Within the entries below, output exactly the lines between the line containing "Filmoplast P 90" and the line containing "minnesota-winter-landscape-photography-02.jpg", inclusive, and omit any picture.

Information:
*** Block opens ***

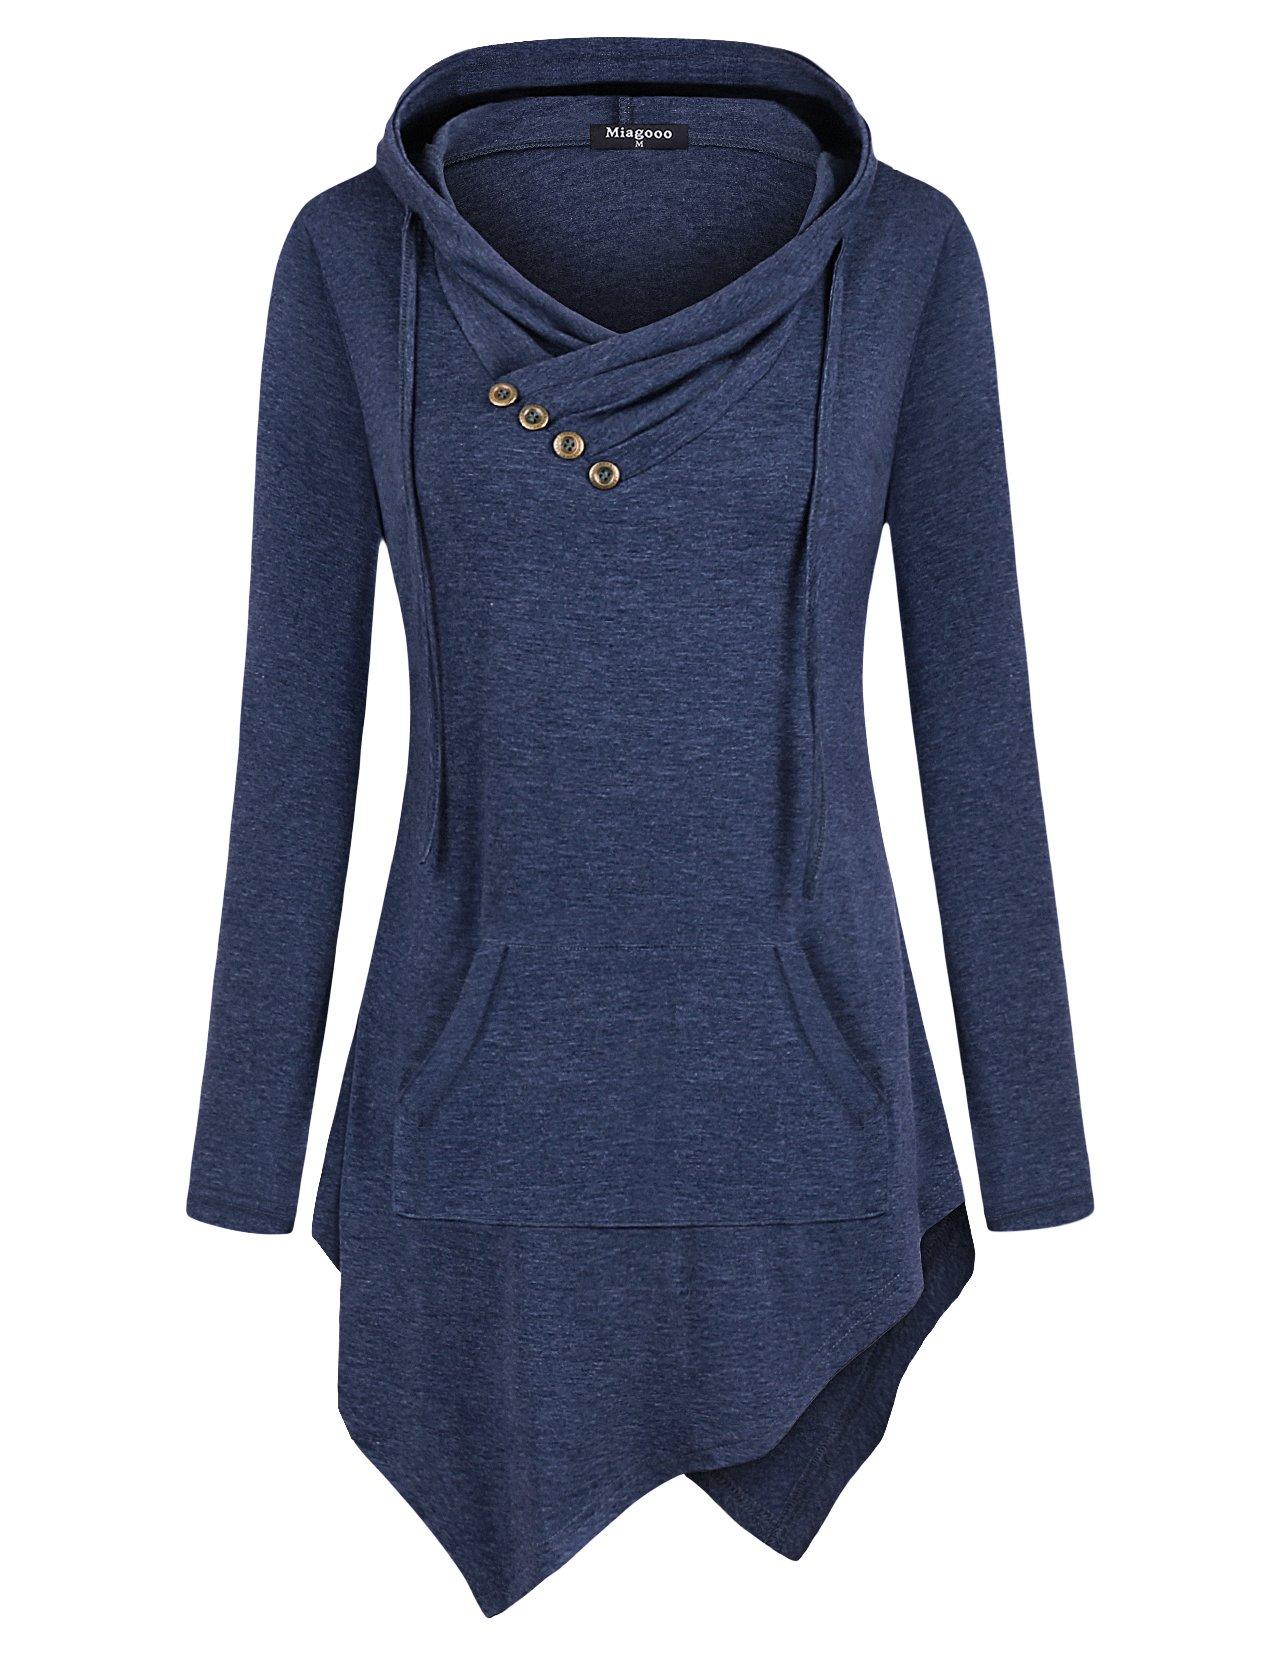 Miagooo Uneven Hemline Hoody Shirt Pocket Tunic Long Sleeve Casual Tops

*** Block closes ***
*** Block opens ***

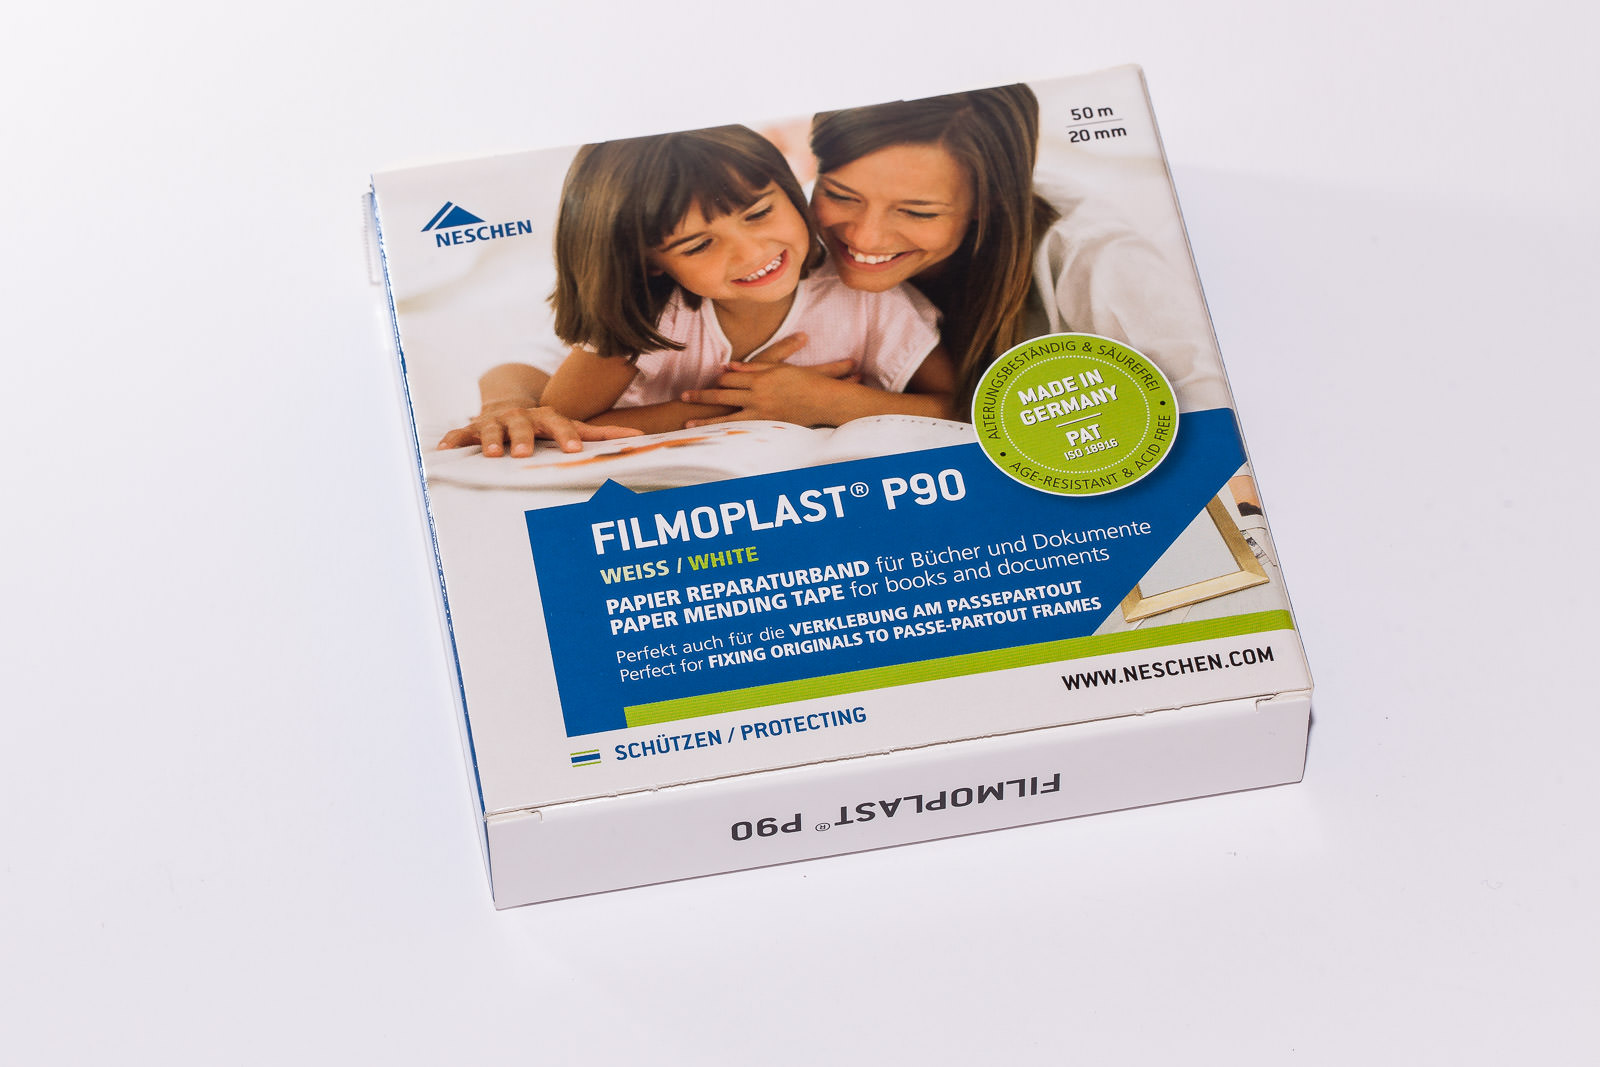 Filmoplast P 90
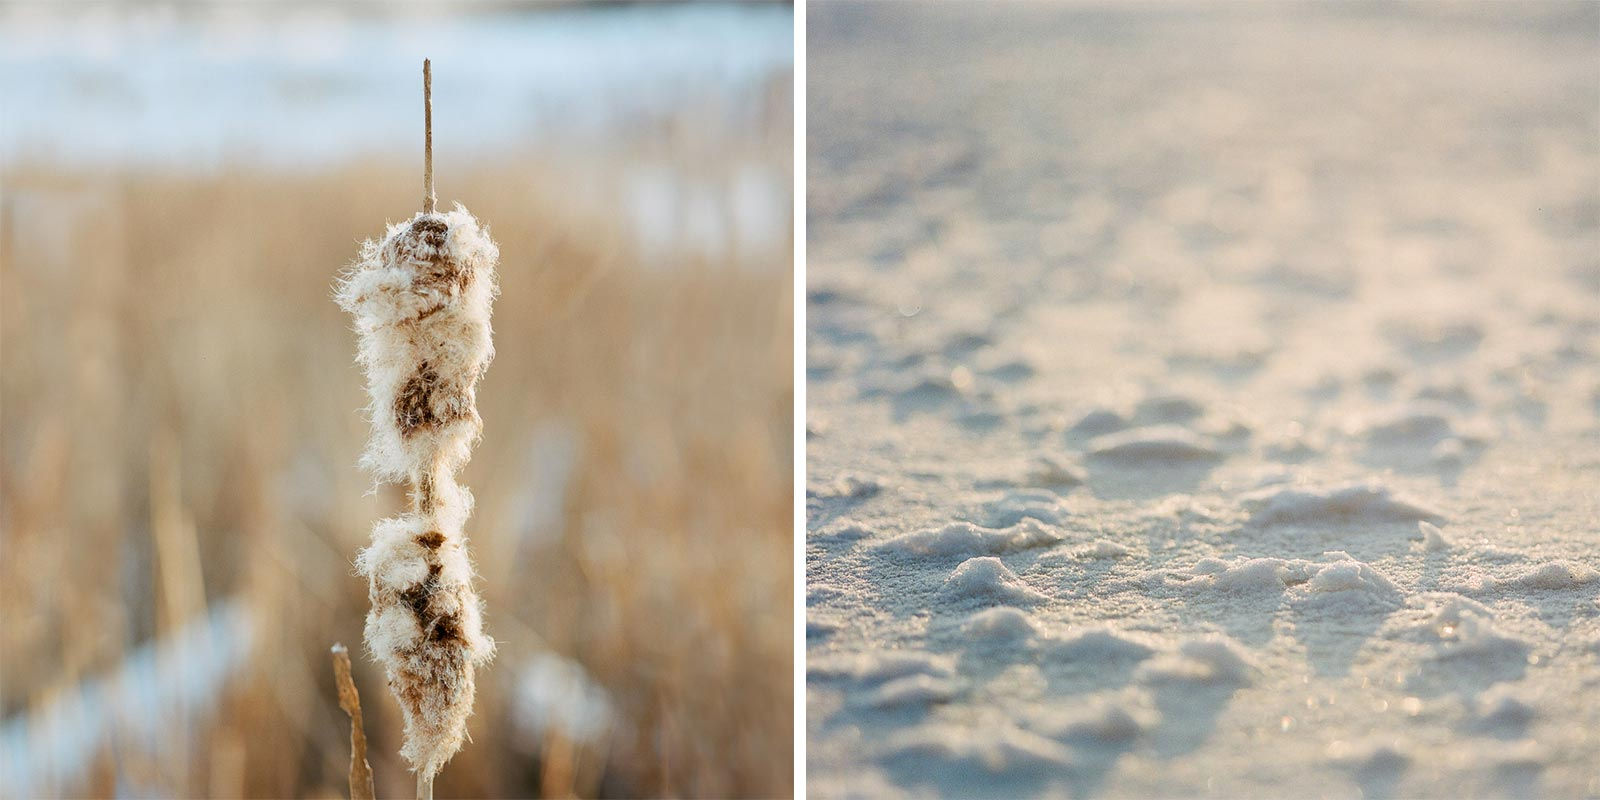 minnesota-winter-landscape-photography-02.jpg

*** Block closes ***

Your response:
 Filmoplast P 90
 minnesota-winter-landscape-photography-02.jpg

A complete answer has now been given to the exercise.